The Cambridgeshire Length 1.3: Cambridge waters hurry by

The City of Cambridge is the magnet for all the county, and for the scientific brains of the world, and has grown since the days I knew it. There is more to it than the University, but for the service of the latter it has grown.

I left Coton (which is not “full of nameless crimes” as Brooke insists) to carry on east, and from this point a dedicated cycle path has been provided, so my bicycle was now in its element at last. I was still on the Harcamlow Way and the Wimpole Way, and also found curious waymarkers with “GMT”, which turned out to mean “Greenwich Meridian Trail”; Cambridge is just east of the line.
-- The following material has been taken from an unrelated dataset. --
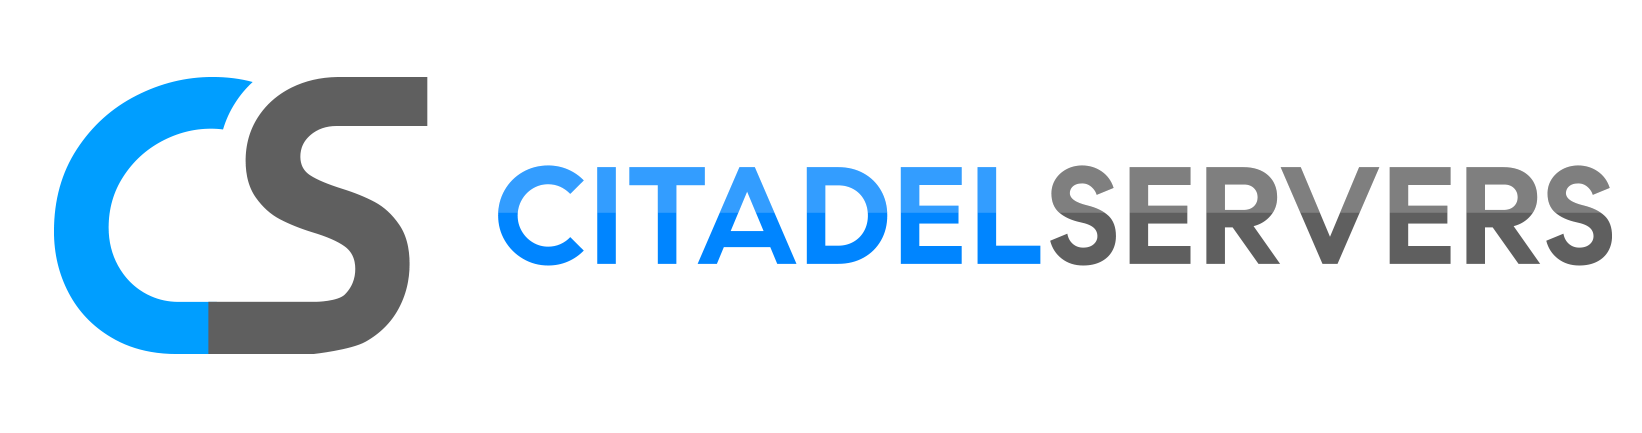 Citadel Servers Logo

The path goes by new developments – not just houses but after it clambers over the M11 are research campuses for the University (or some such) and it was a while before I reached the familiarity of Queen’s Road and thence Garrett Hostel Lane to the Backs and the river.

Stourbridge Common

Time for lunch on Market Hill. There’s always variety there. (The problem with the town is they remind you that there’s some epidemic or other going on and demand that I root deep in my backpack for the face-nappy I had happily been forgetting about all day.)
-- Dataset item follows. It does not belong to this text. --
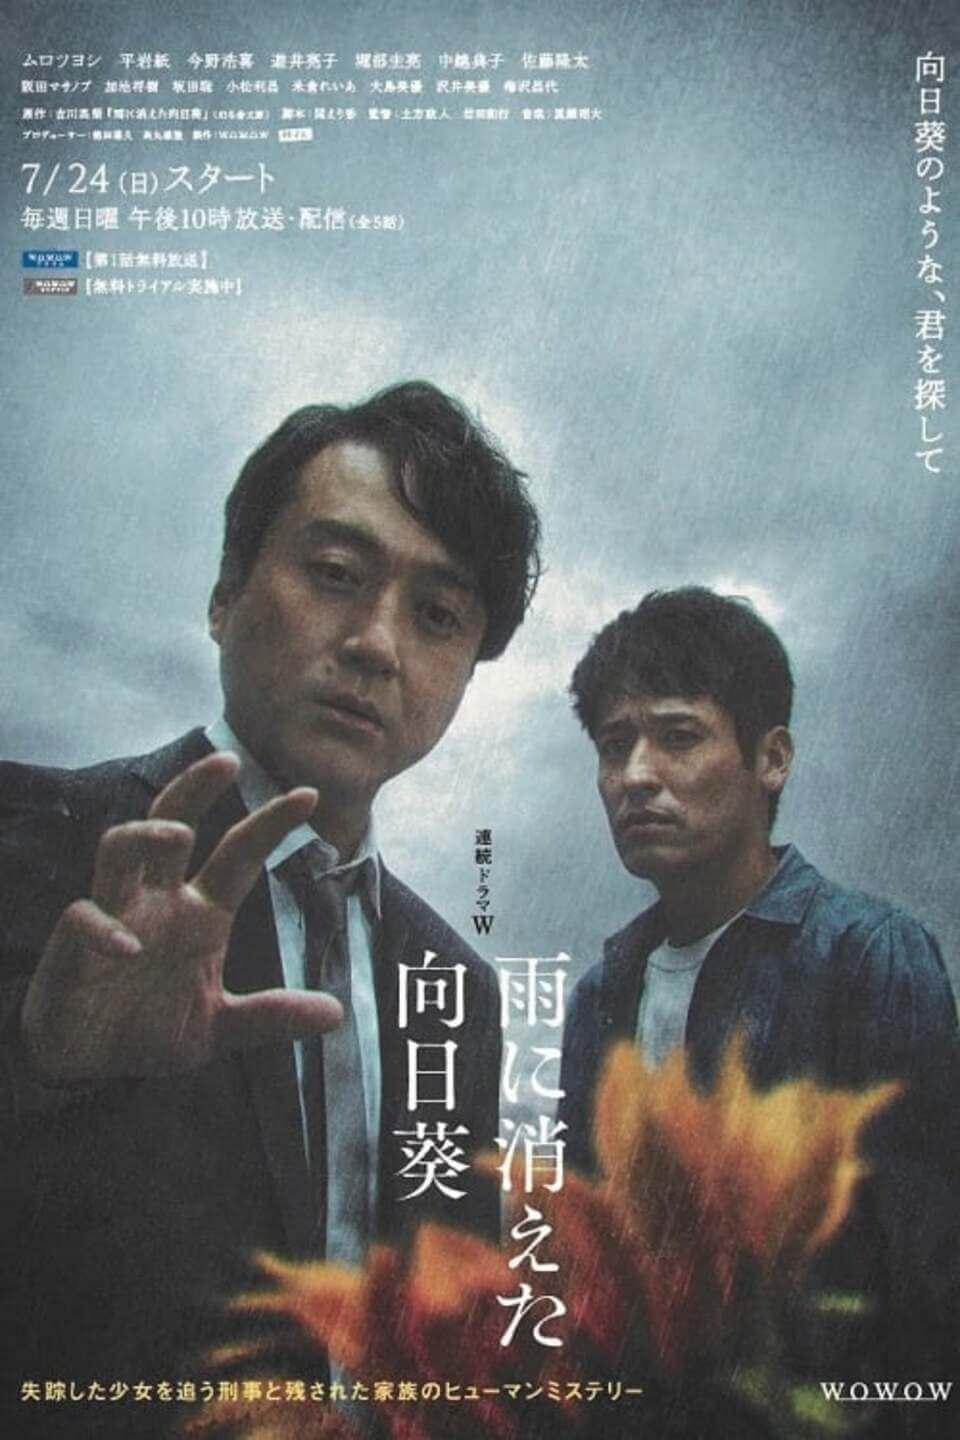 TV ratings for Ame Ni Kieta Himawari (雨に消えた向日葵) in Germany. Netflix TV series

The city is very green – not just the Backs but with parks and commons, and I headed out to Midsummer Common, along the river and to Stourbridge Common and out of the city. There used to be a great merchant fair held on Stourbridge Common in past ages, described as comparable to that at Nizhny Novgorod (which is not a helpful comparison, to be frank). For now it is the greensward which reaches out to a little village that marks the beginning of the fen: Fen Ditton. Northward I would look for the Fen Rivers Way.